**WHAT THE TASK ASKS:**
Without any of its pictures, the listing below should be output exactly.
==== DATASET CONTENT ====
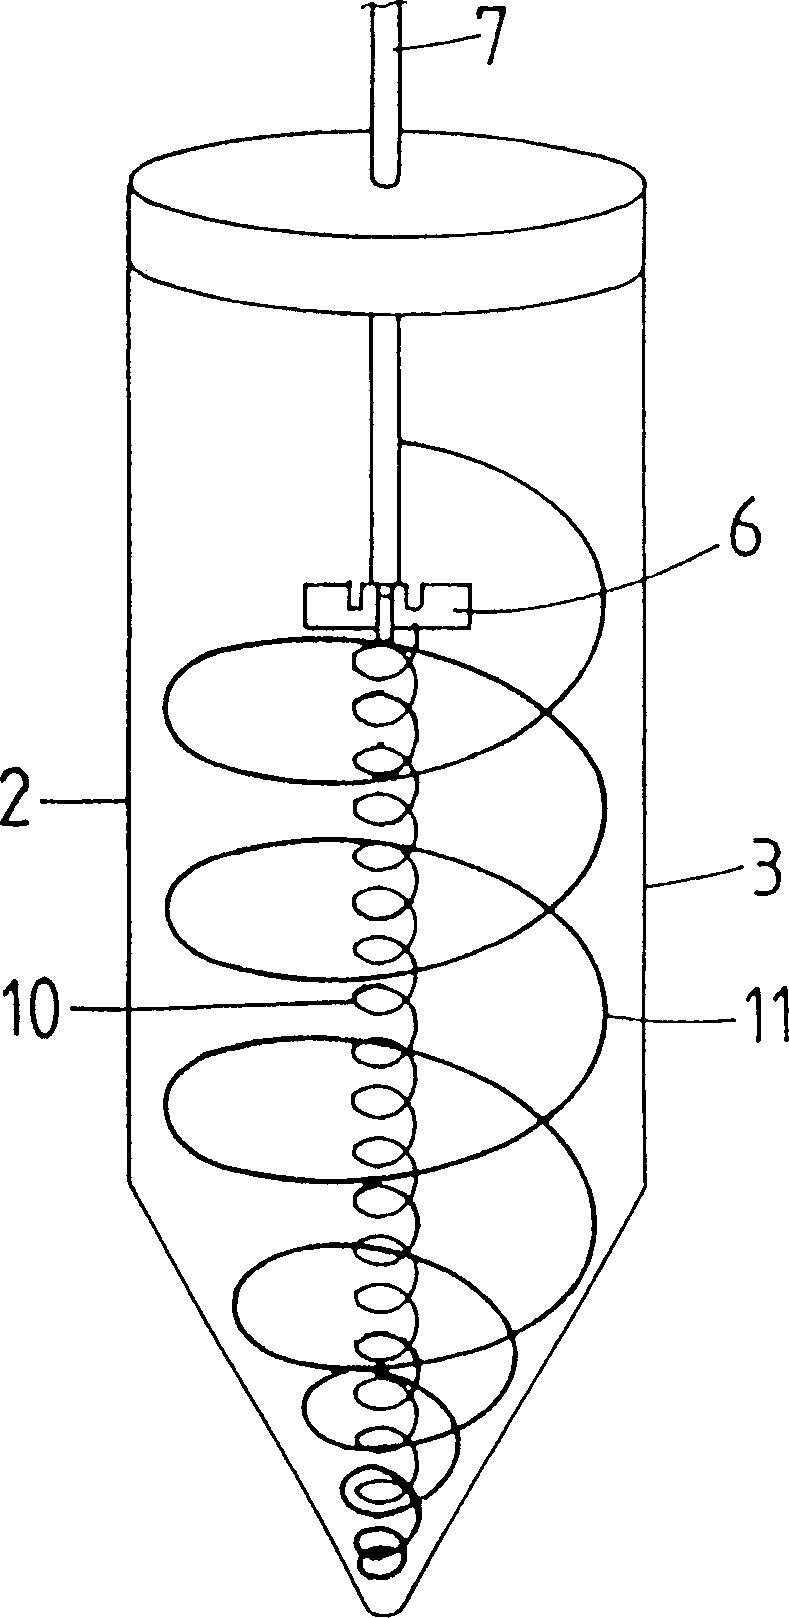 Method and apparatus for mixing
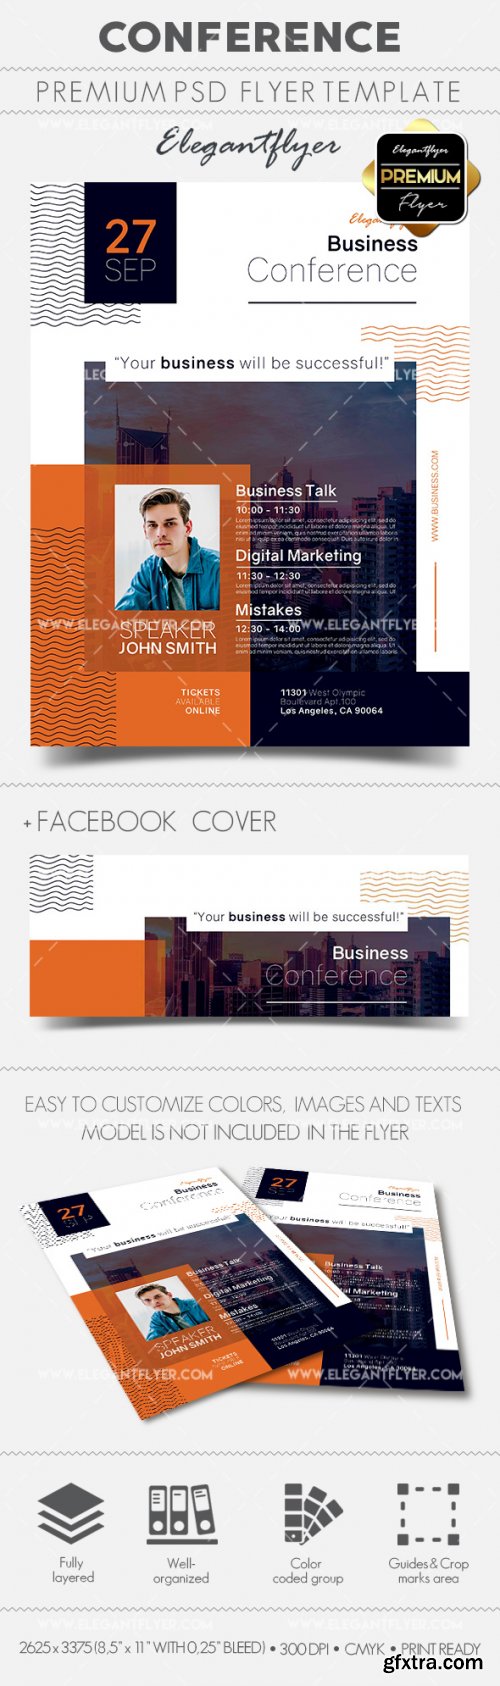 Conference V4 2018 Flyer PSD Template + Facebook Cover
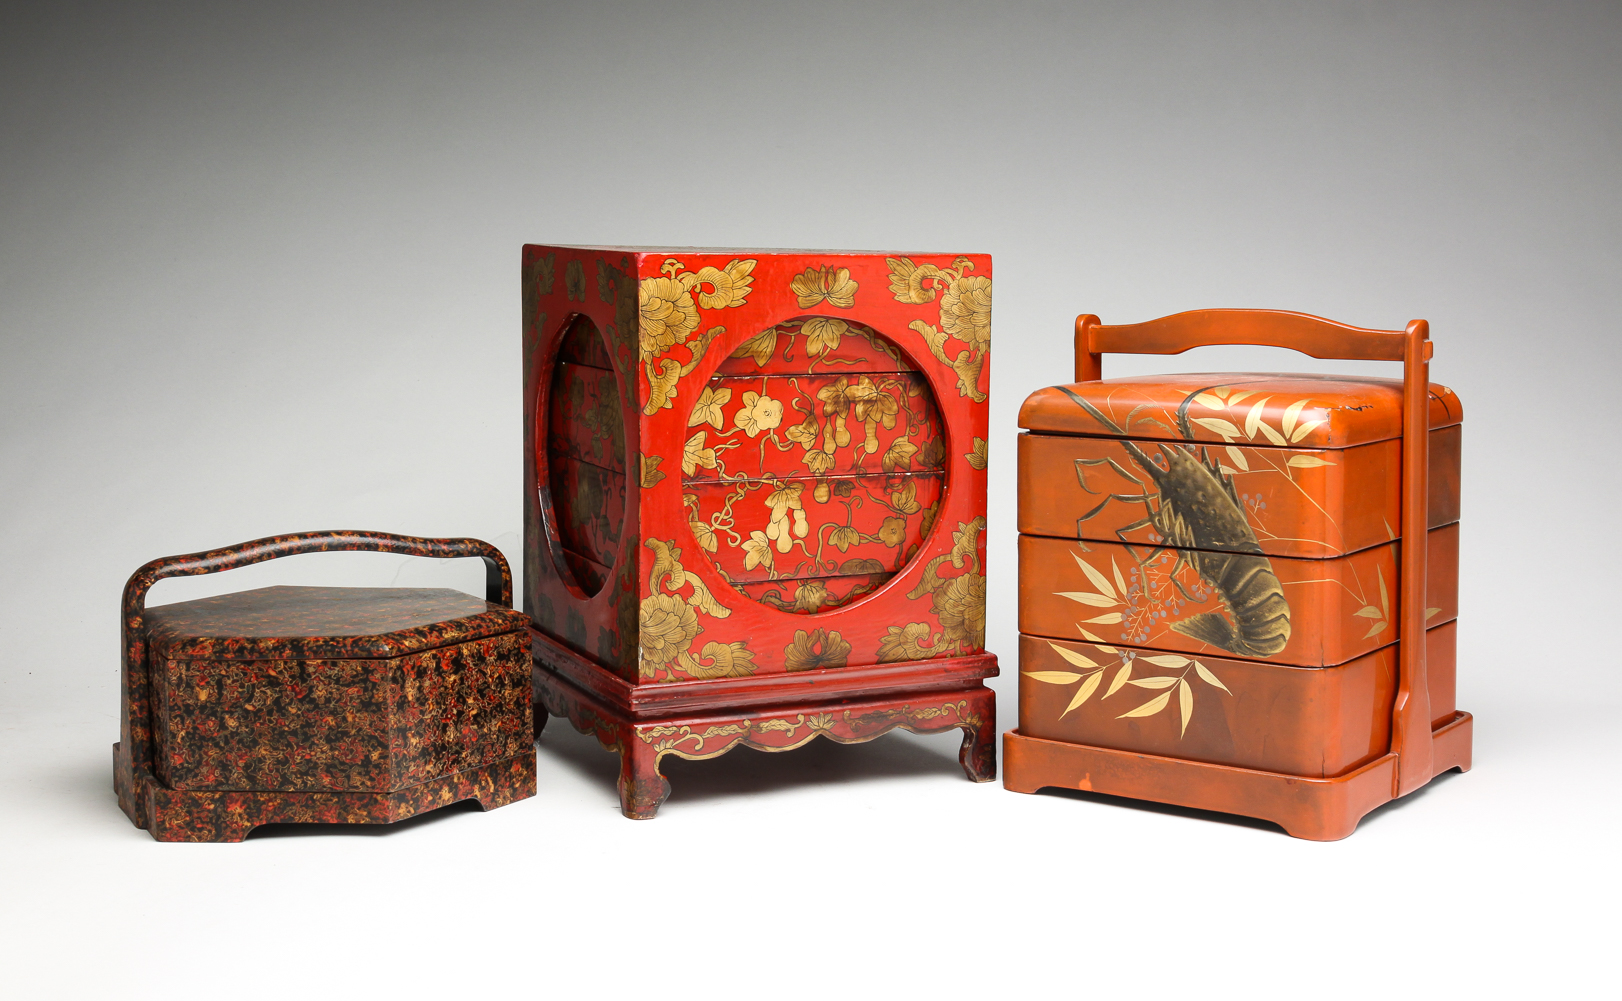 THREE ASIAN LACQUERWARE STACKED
====
**ANSWER BOX:**
 Method and apparatus for mixing
 Conference V4 2018 Flyer PSD Template + Facebook Cover
 THREE ASIAN LACQUERWARE STACKED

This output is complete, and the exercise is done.